**WHAT TO WORK ON**
Retype the data below verbatim; pictures do not belong in the copy.

**DATASET CONTENT**
**********

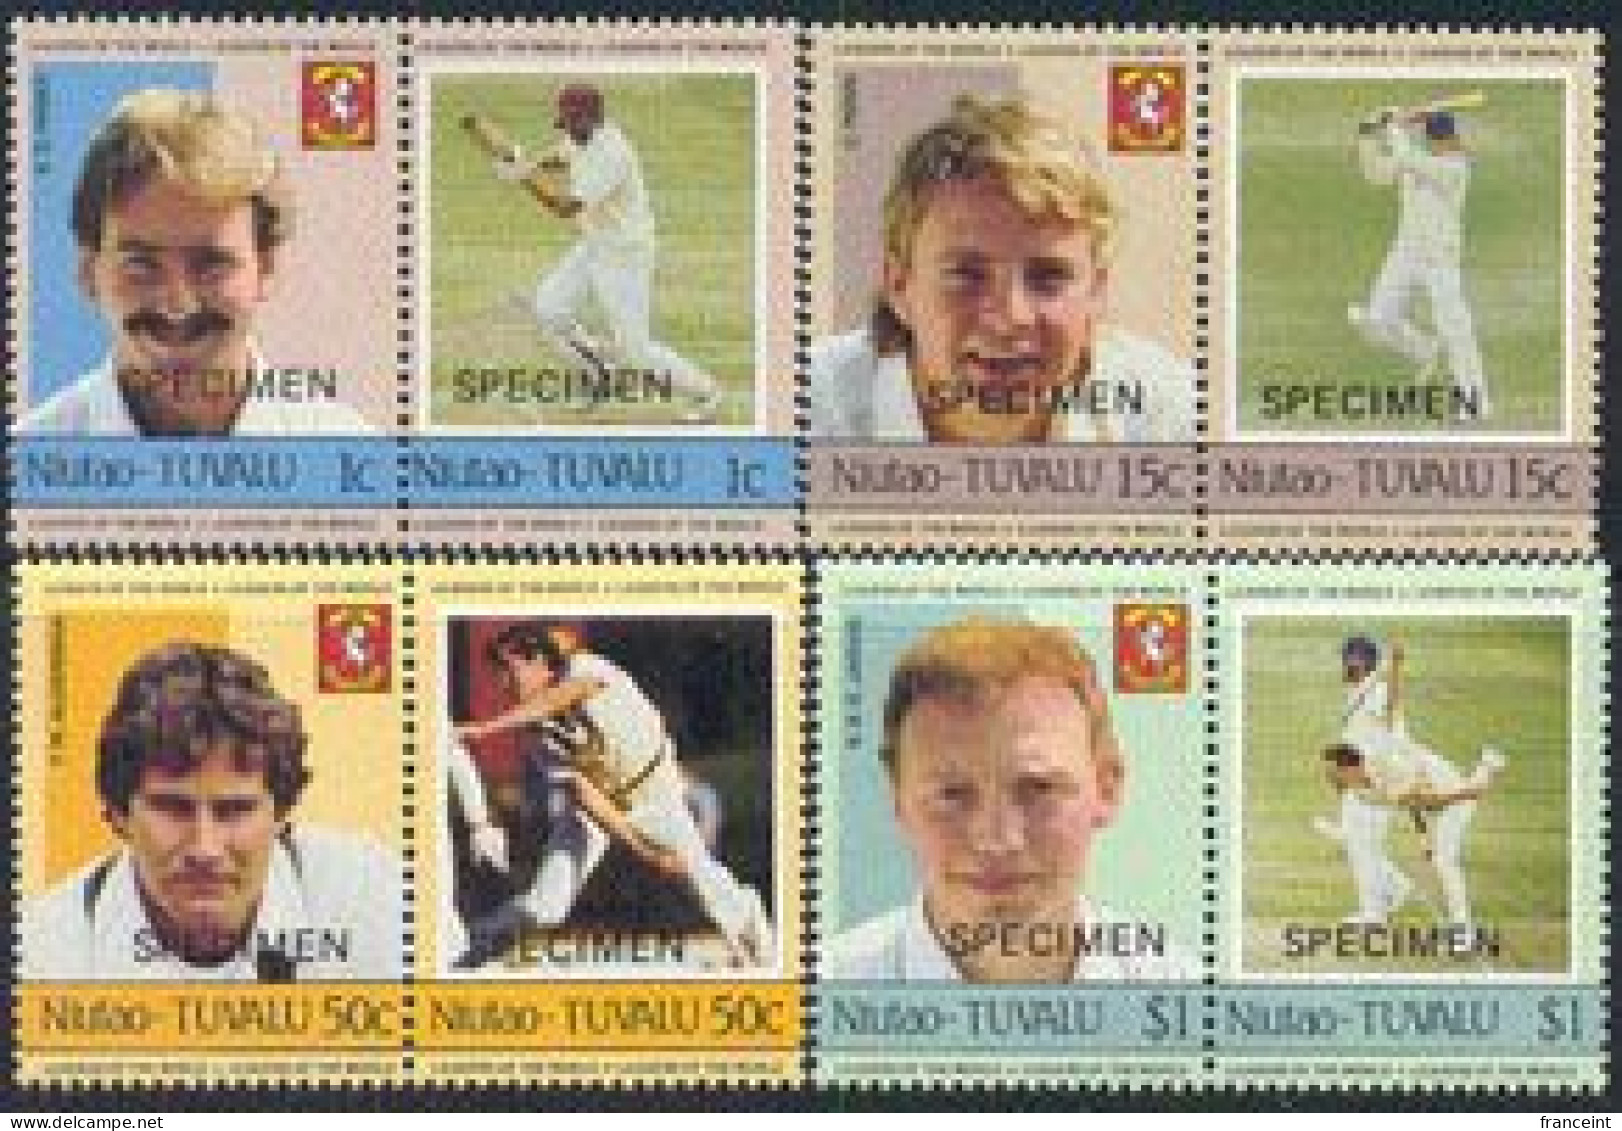 TUVALU (Niutao)(1985) Cricket Players. Set Of 4 Se-tenant Pairs Overprinted SPECIMEN. Scott Nos 21-4. - Cricket
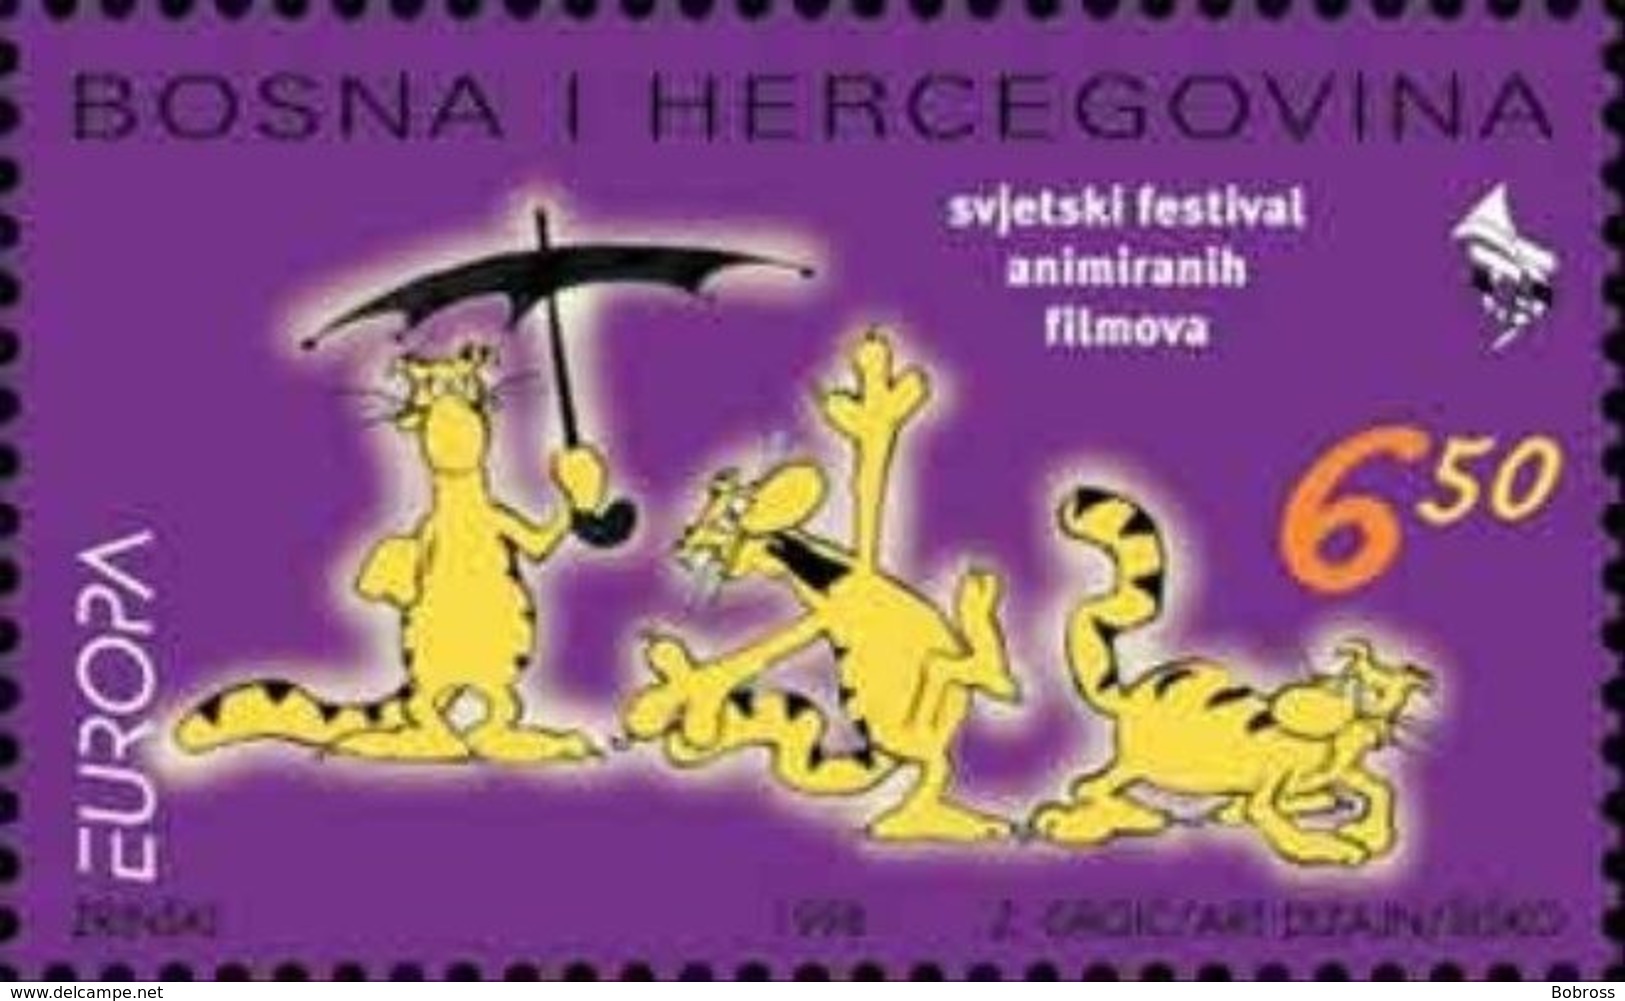 1998 EUROPA, World Festival Of Animated Films In Zagreb, N° 37, Croat Post Mostar, Bosnia And Herzegovina,MNH - Bosnië En Herzegovina
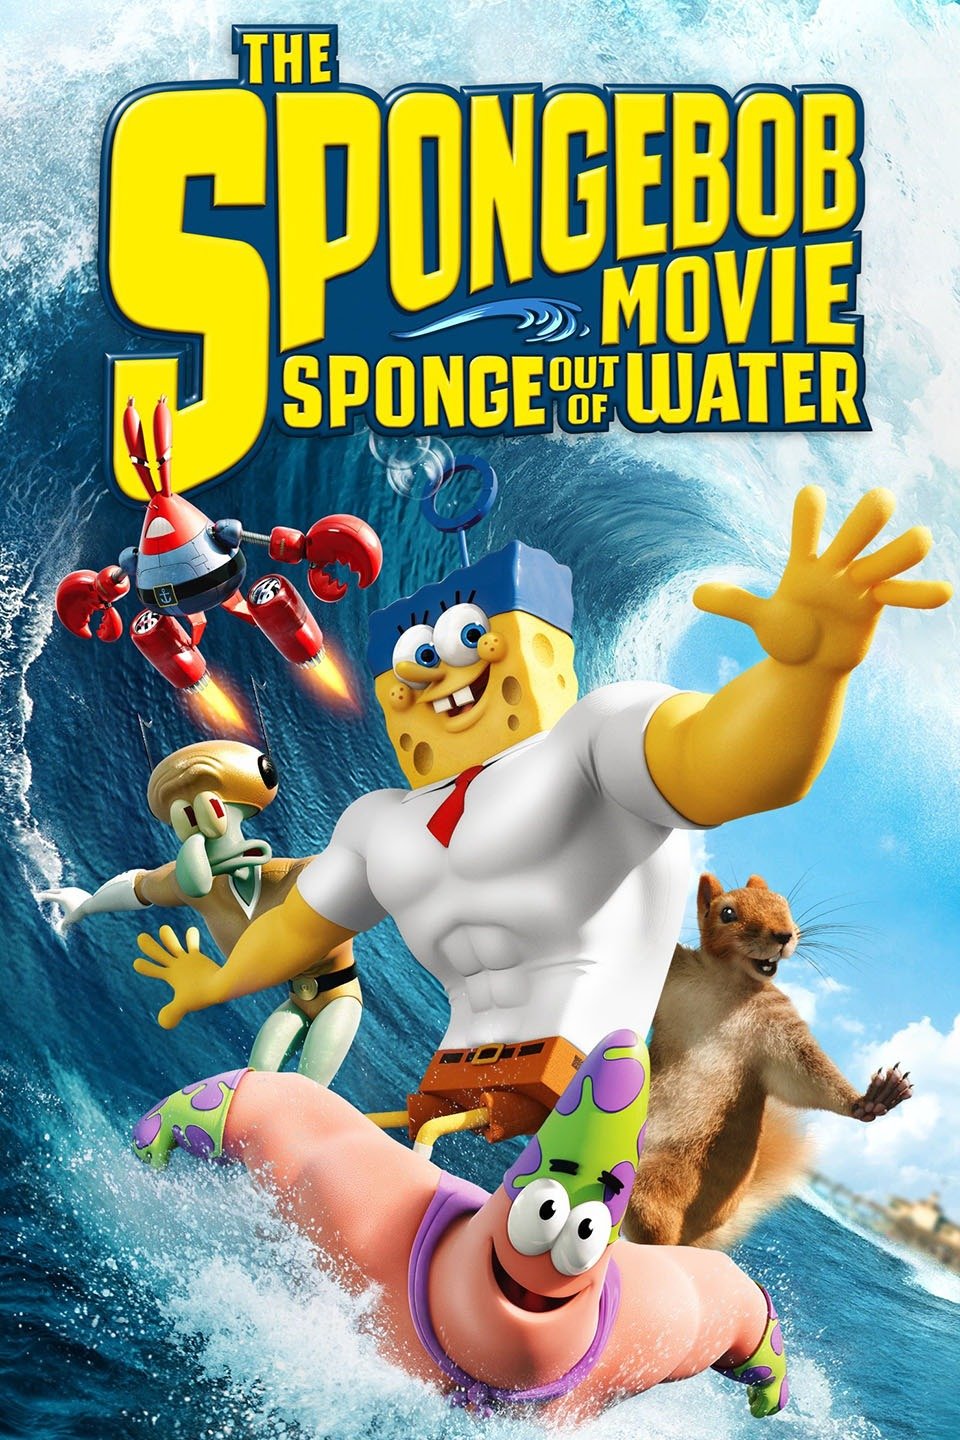 [MINI Super-HQ] The SpongeBob Movie: Sponge Out of Water (2015) สพันจ์บ็อบ ฮีโร่จากใต้สมุทร [1080p] [พากย์ไทย 5.1 + อังกฤษ 5.1] [บรรยายไทย + อังกฤษ] [เสียงไทย + ซับไทย] [ONE2UP]

**********

**RESULT**
 TUVALU (Niutao)(1985) Cricket Players. Set Of 4 Se-tenant Pairs Overprinted SPECIMEN. Scott Nos 21-4. - Cricket
 1998 EUROPA, World Festival Of Animated Films In Zagreb, N° 37, Croat Post Mostar, Bosnia And Herzegovina,MNH - Bosnië En Herzegovina
 [MINI Super-HQ] The SpongeBob Movie: Sponge Out of Water (2015) สพันจ์บ็อบ ฮีโร่จากใต้สมุทร [1080p] [พากย์ไทย 5.1 + อังกฤษ 5.1] [บรรยายไทย + อังกฤษ] [เสียงไทย + ซับไทย] [ONE2UP]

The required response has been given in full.